Introducing Google ADK Artifacts for Multi-Modal File Handling (a Rickbot Blog)

#agentdevelopmentkit #agenticai #artifact #contextengineering

Hello and welcome to another installment of Rickbot! You don’t need to have read the rest of the series to benefit from this latest article.

Today I’m going to show you how to make use of Google Agent Development Kit (ADK) Artifacts — a very specific way of handling files and binary data. The ADK documentation describes an artifact as:

“a piece of binary data (like the content of a file) identified by a unique filename string within a specific scope (session or user).”

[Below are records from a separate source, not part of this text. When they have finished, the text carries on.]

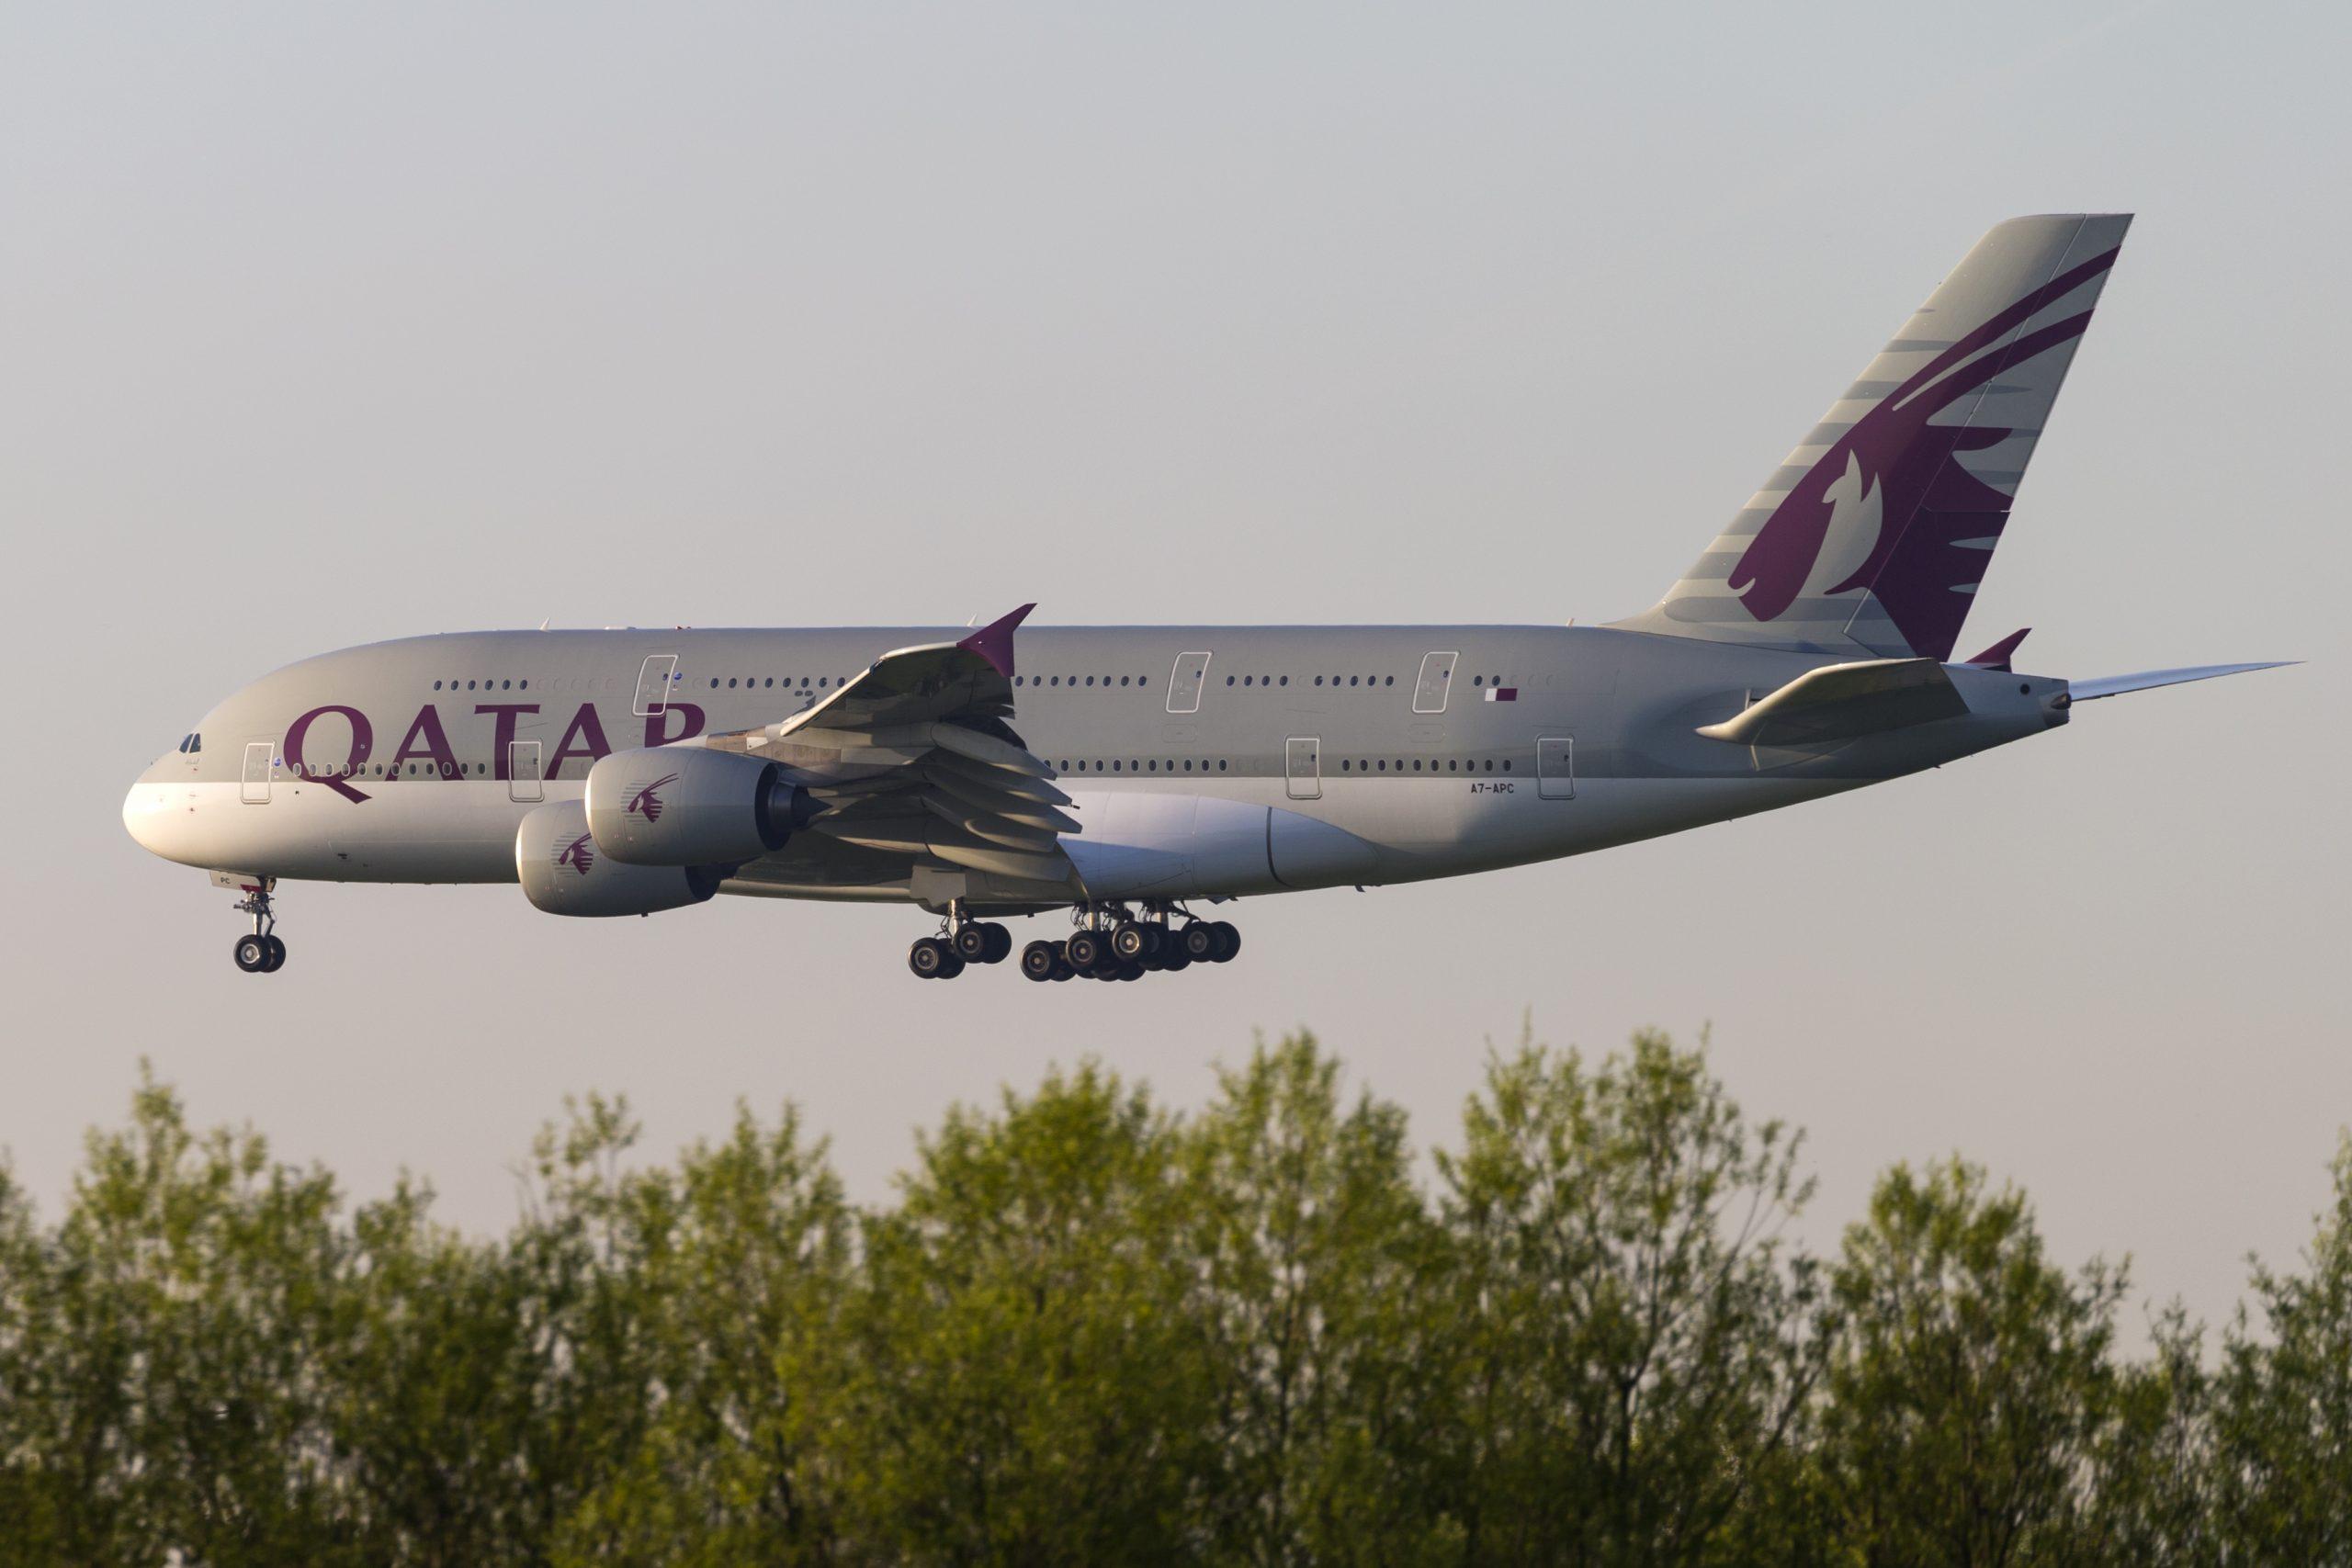 En Airbus A380-800 fra Qatar Airways. Foto: © Thorbjørn Brunander Sund, Danish Aviation Photo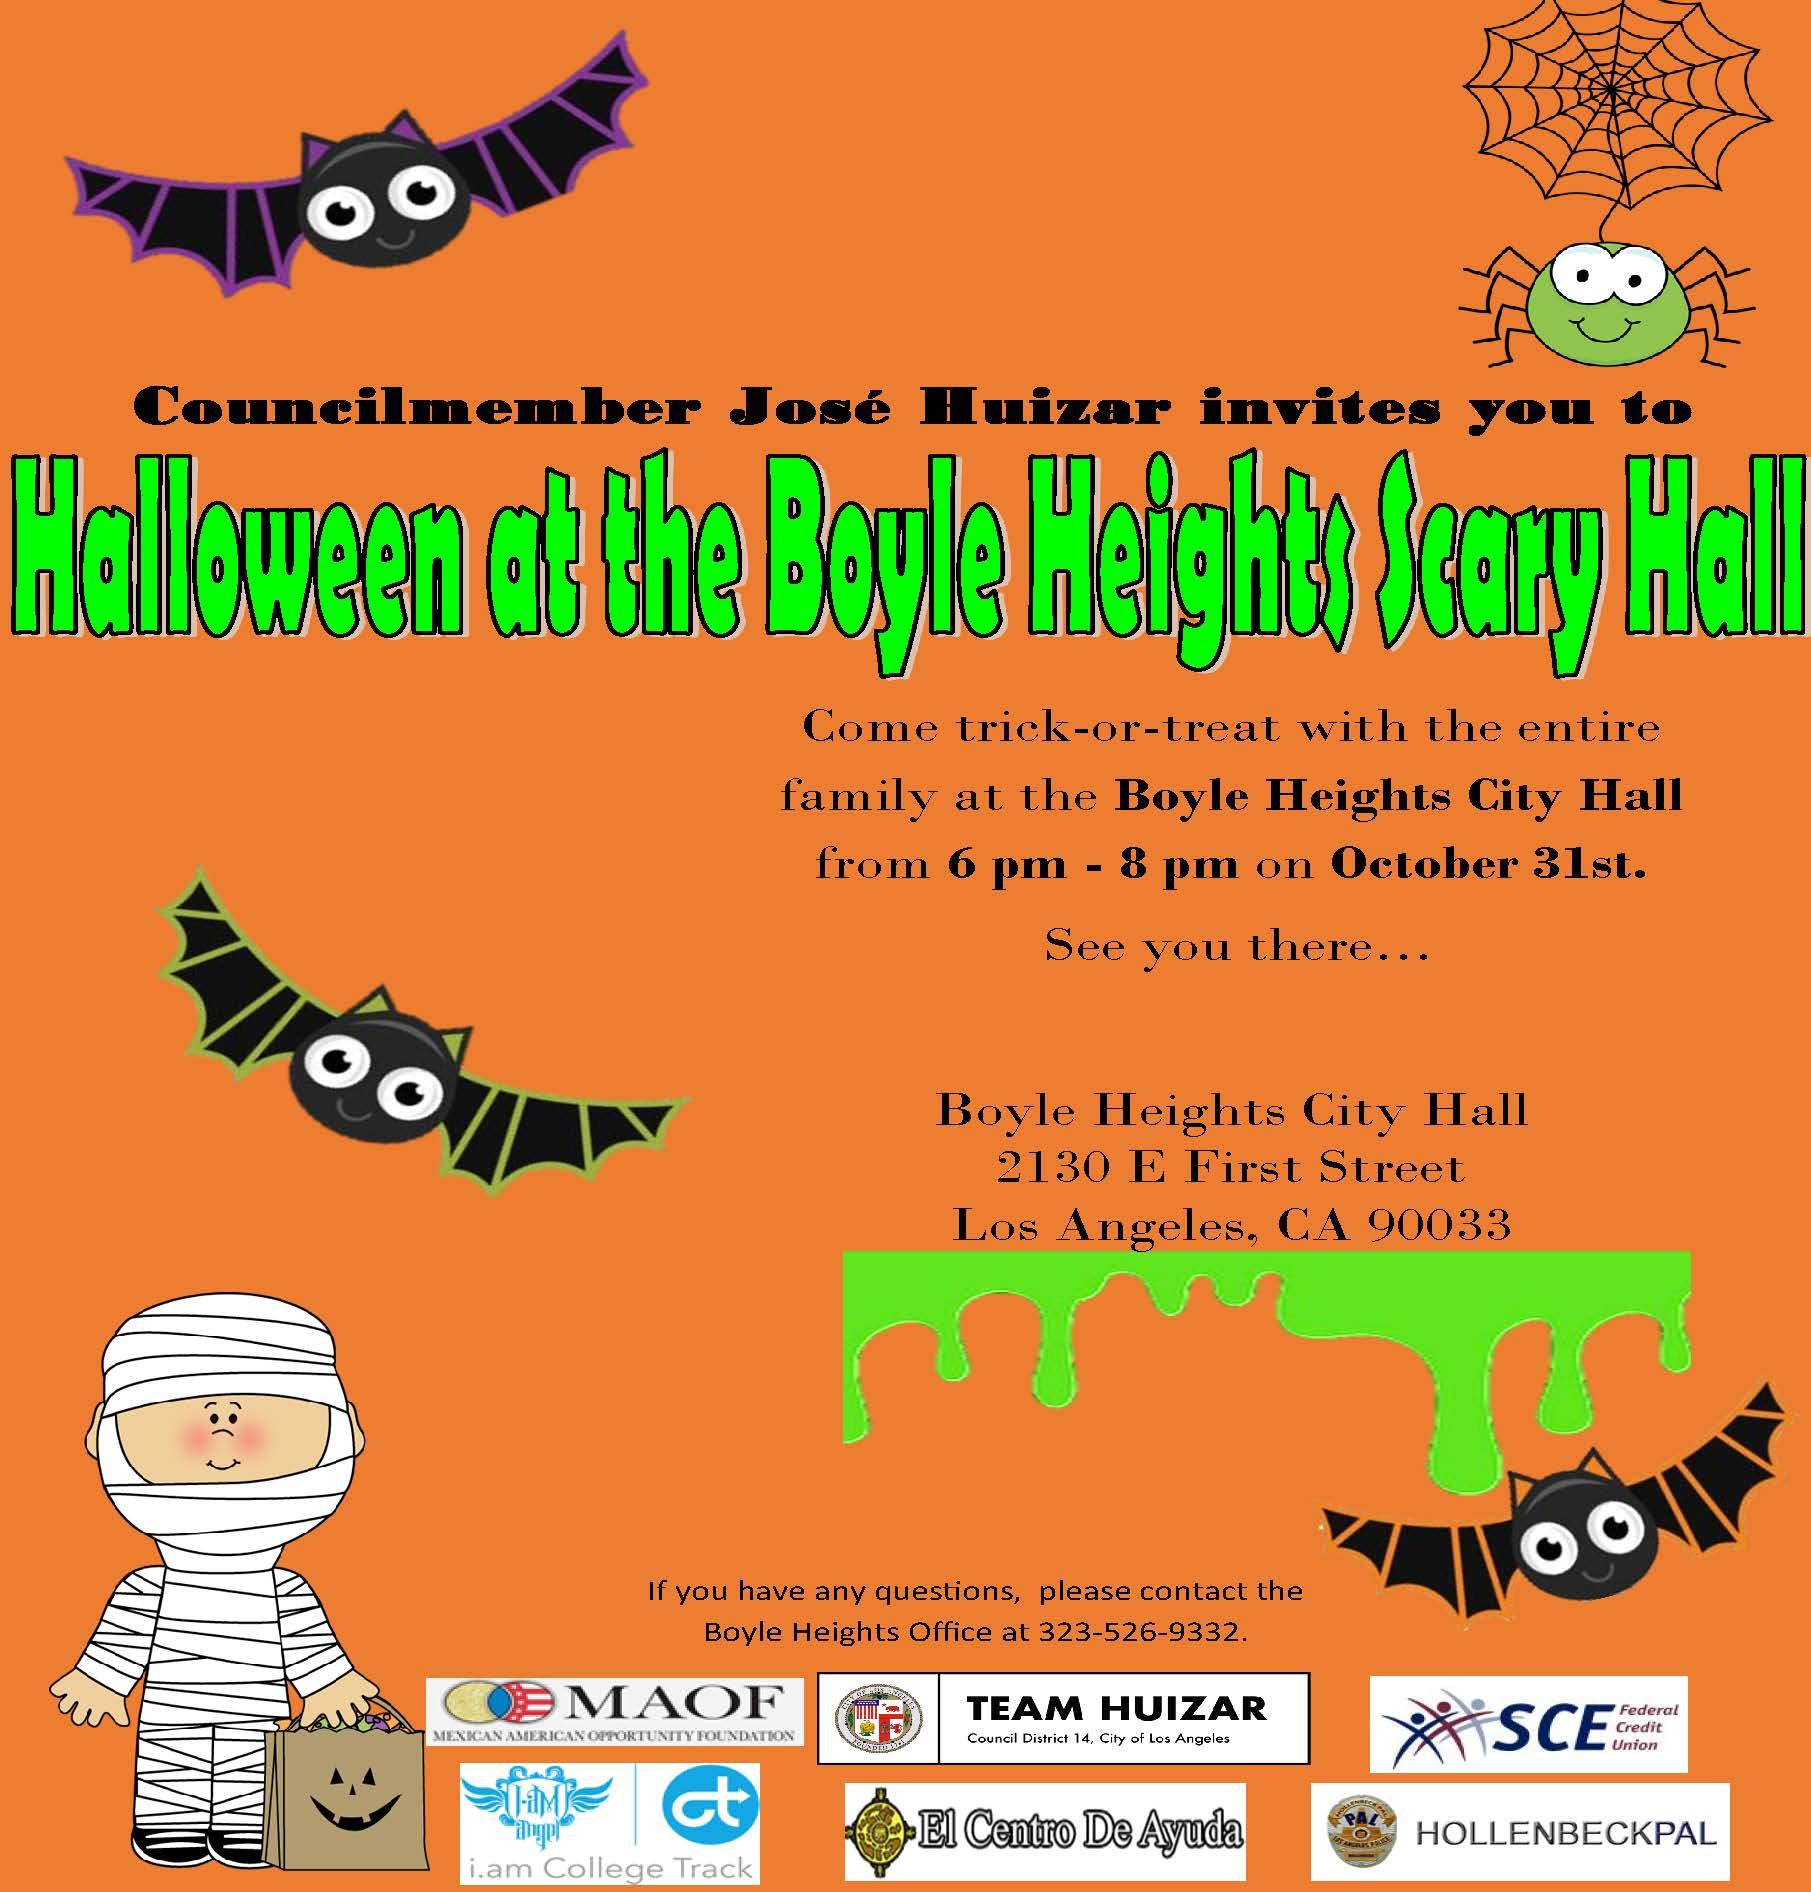 BH_Halloween_10.31.17_Page_1_(1).jpg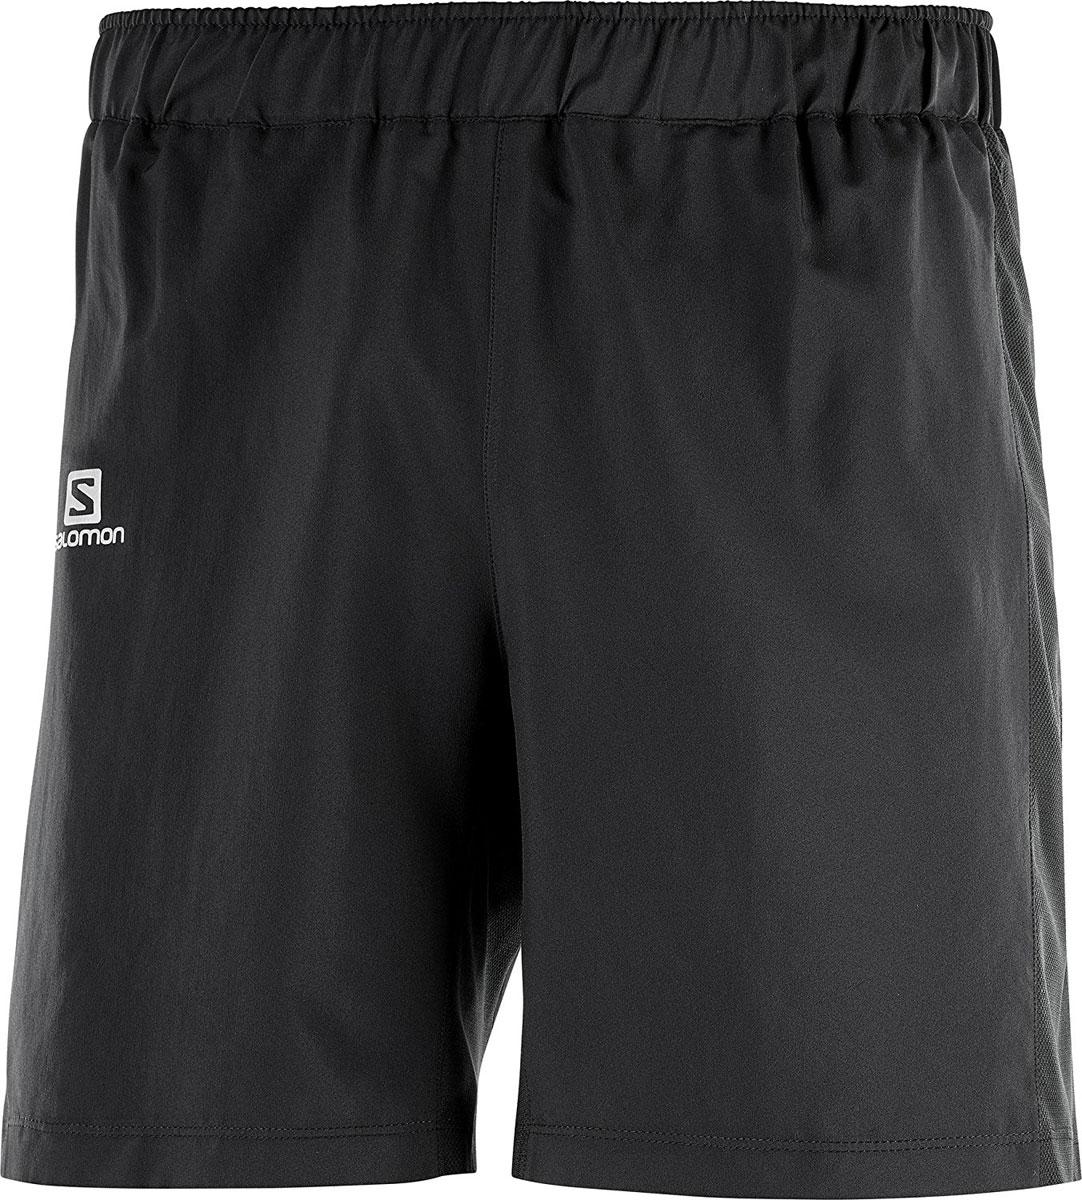 Шорты мужские Salomon Agile 7 Short M, цвет: черный. L40118300. Размер XL (52)L40118300

Artifacts are intended for use cases such as:

Non-textual data, like images and videos
Working with reports
Storing intermediate data (including between agents in multi-agent applications)
Any large data
User file management, e.g. such as uploading and downloading
Caching binary content

I’ll show you how to go from traditional file uploading and “context dumping”, to the vastly more efficient use of artifacts. And more importantly: I’ll explain WHY you should do this.

The Rickbot Series — Where We Are

But just for orientation, here’s where we are in the series:

Motivation

Let’s talk about growing up.

When I first dreamt up the Rickbot project — a “multi-persona” chatbot where I can argue with Rick Sanchez about quantum mechanics or ask Yoda for mindfulness tips — I wanted to build and iterate quickly. The project was all about experimenting with the Google agentic ecosystem. I needed a UI that would let me experiment and immediately see my changes visually. And, because I’m okay with Python, I naturally reached for Streamlit.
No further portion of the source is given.